The donors included lobbyists for the apartheid regime of Israeli Prime Minister Benjamin Netanyahu, who enjoyed a friendly public forum with Tanden; the permanent monarchy of the United Arab Emirates (UAE), whose ambassador to the US publicly thanked CAP for a favorable report it published on the Middle East following a series of substantial donations; the right-wing nationalist government of Japan, whose former Prime Minister, Shinzo Abe, gained an audience with Tanden; and the administration of Taiwan, which apparently used CAP as a vehicle to campaign for a more hostile US policy toward China.
These apparent pay-for-play arrangements were defining features of Tanden’s time at the helm of one of the most heavily funded Beltway think tank operations. But strangely, as her confirmation to Biden’s OMB moves forward, even her fiercest adversaries in the Senate have not signaled any intent to scrutinize the ethical baggage she accumulated while pushing the Democratic Party to adopt a decidedly neoconservative foreign policy.
Among the most recent speaking fees listed on Neera Tanden’s public financial disclosure report was the $3,000 she received for a June 9, 2019 engagement with the American Jewish Committee (AJC). The AJC is an Israel lobby juggernaut that has hosted current and former Israeli government officials in Washington to defend scorched earth military campaigns against the besieged Palestinian Gaza Strip, and which equates Palestine solidarity activism with neo-Nazism. Tanden’s paid appearance before such an organization would have never taken place were it not for her years of catering to the Israel lobby’s interests and needs.
Tanden’s kowtowing to the Israel lobby began as early as 2010, when, according to journalist Glenn Greenwald, she gathered senior staff to ask why coverage of Israel-Palestine was not “off the table,” like other issues that risked irritating CAP donors.
Two years later, when DC-based Israel lobbyists launched a campaign against a handful of young CAP staffers blogging on foreign policy for the think tank’s in-house blog, Think Progress, Tanden worked to satisfy their demands. At issue was the bloggers’ heretical criticism of Netanyahu’s drive for a military assault on Iran, and their occasional willingness to scrutinize Israeli human rights abuses in the Occupied Palestinian Territories.

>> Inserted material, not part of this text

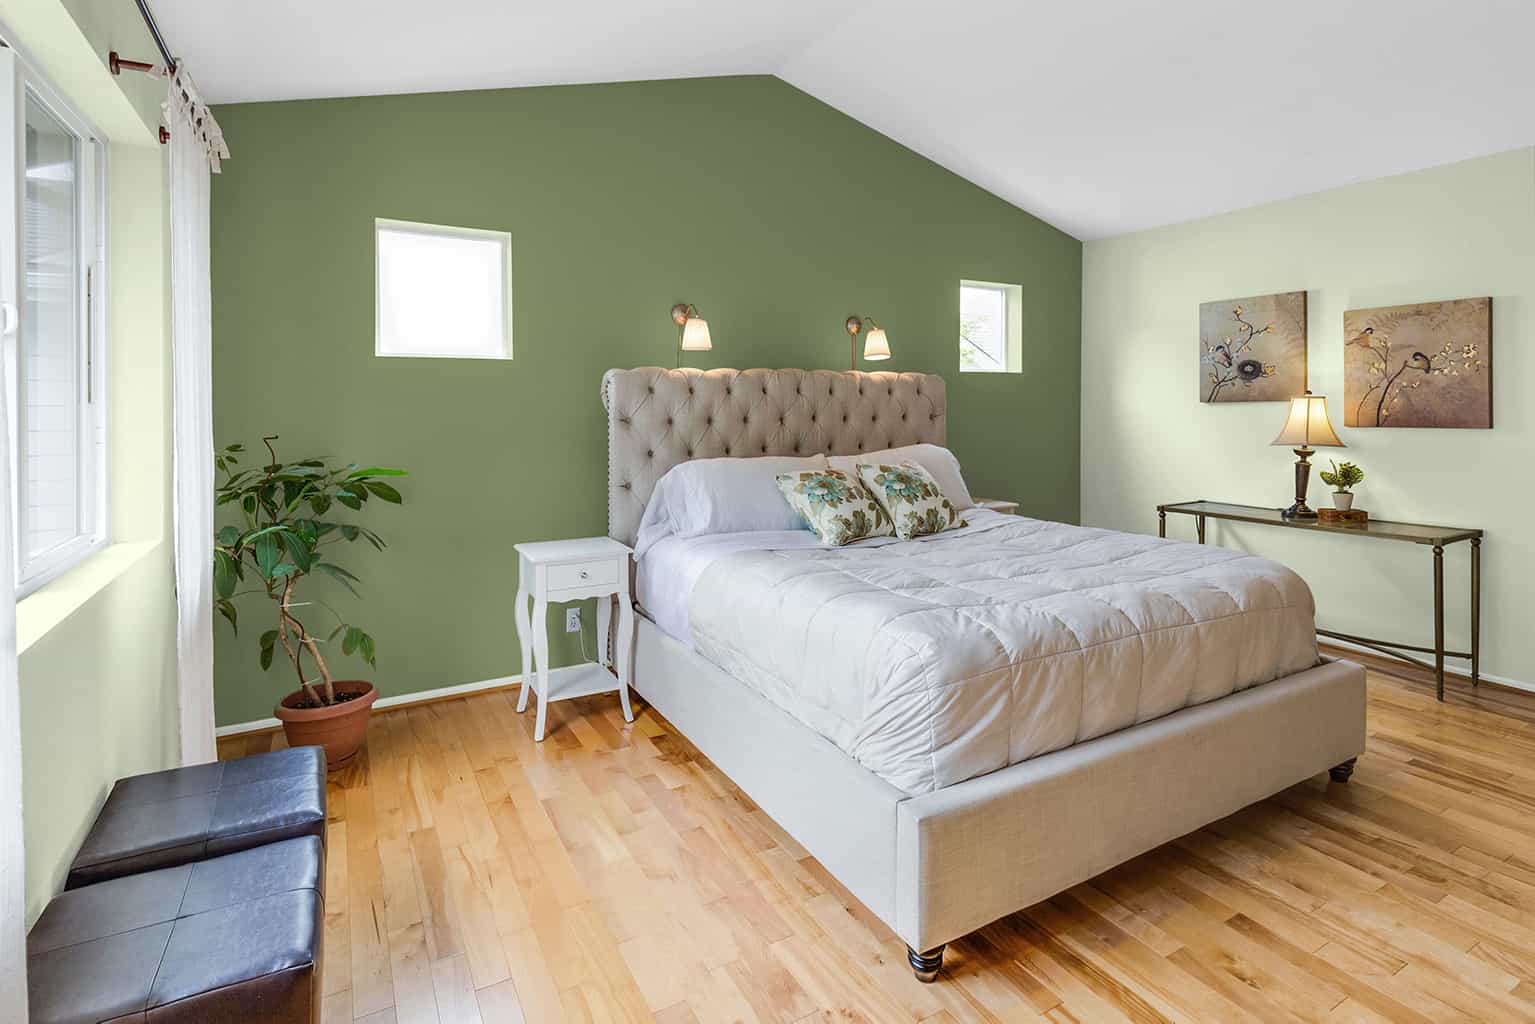 Explore Paint Colors for Bedrooms - PreviewPaint.com

A January 2012 email from Tanden to top CAP staff highlighted her zealous quest to please powerful pro-Israel groups. Ann Lewis, a longtime Democratic Party apparatchik now affiliated with the Democratic Majority For Israel, had sent an angry email to Tanden complaining of the “anti-Israel” coverage in Think Progress. In response, Tanden urged a clampdown on criticism of Israel and requested more material highlighting the supposed danger of a nuclear Iran.
Days later, at the apparent urging of Tanden, CAP censored an article by Eli Clifton and Ali Gharib documenting the role of an Israel-based religious nationalist advocacy organization, Aish HaTorah, in the production of a virulently anti-Muslim film called The Third Jihad. After the article’s publication, all references to Israel and the Israel lobby were removed without explanation.
In a February 1, 2012 email, CAP’s then-chief of staff Ken Gude detailed a meeting with AIPAC, the principal lobbying arm of the Israel lobby in the US, where he attempted to calm pro-Israel donors. According to Tanden’s underling, an AIPAC staffer “expressed the view that he felt we were now moving in the right direction.” Gude also mentioned “an effort to reach out to” the AJC – the Israel lobby powerhouse that later rewarded Tanden with a speaking fee.
The efforts to mollify big Israel lobby donors did not stop there. Between 2011 and in 2015, CAP published a major two-part report on a network of right-wing organizations propagating Islamophobic politics whose leadership happened to be intimately enmeshed in the wider web of Israel lobbying. The second edition of the report, published in 2015, contained a lengthy chapter on then-New York City Mayor Michael Bloomberg’s secret NYPD spying operation which had targeted Muslims across the country in collaboration with federal law enforcement.
Bloomberg happened to be a major donor to CAP, and was apparently upset about the unflattering portrayal. So Tanden’s team snapped into action and presided over another blatant act of censorship. Yasmine Taeb, a former CAP staffer who co-authored the report, told the New York Times she was ordered to remove the chapter “because of how it was going to be perceived by Mayor Bloomberg.”
Tanden was so determined to rake in pro-Israel money that she openly courted one of President Barack Obama’s most vicious international antagonists, Israeli Prime Minister Benjamin Netanyahu. On November 11, 2015, Tanden appeared inside CAP’s offices before an audience of Israel lobbyists for a closed-door tete-a-tete with Netanyahu. Her discussion with the Republican-aligned prime minister was a calculated lovefest devoid of critical questioning and punctuated with eruptions of nervous laughter by Tanden.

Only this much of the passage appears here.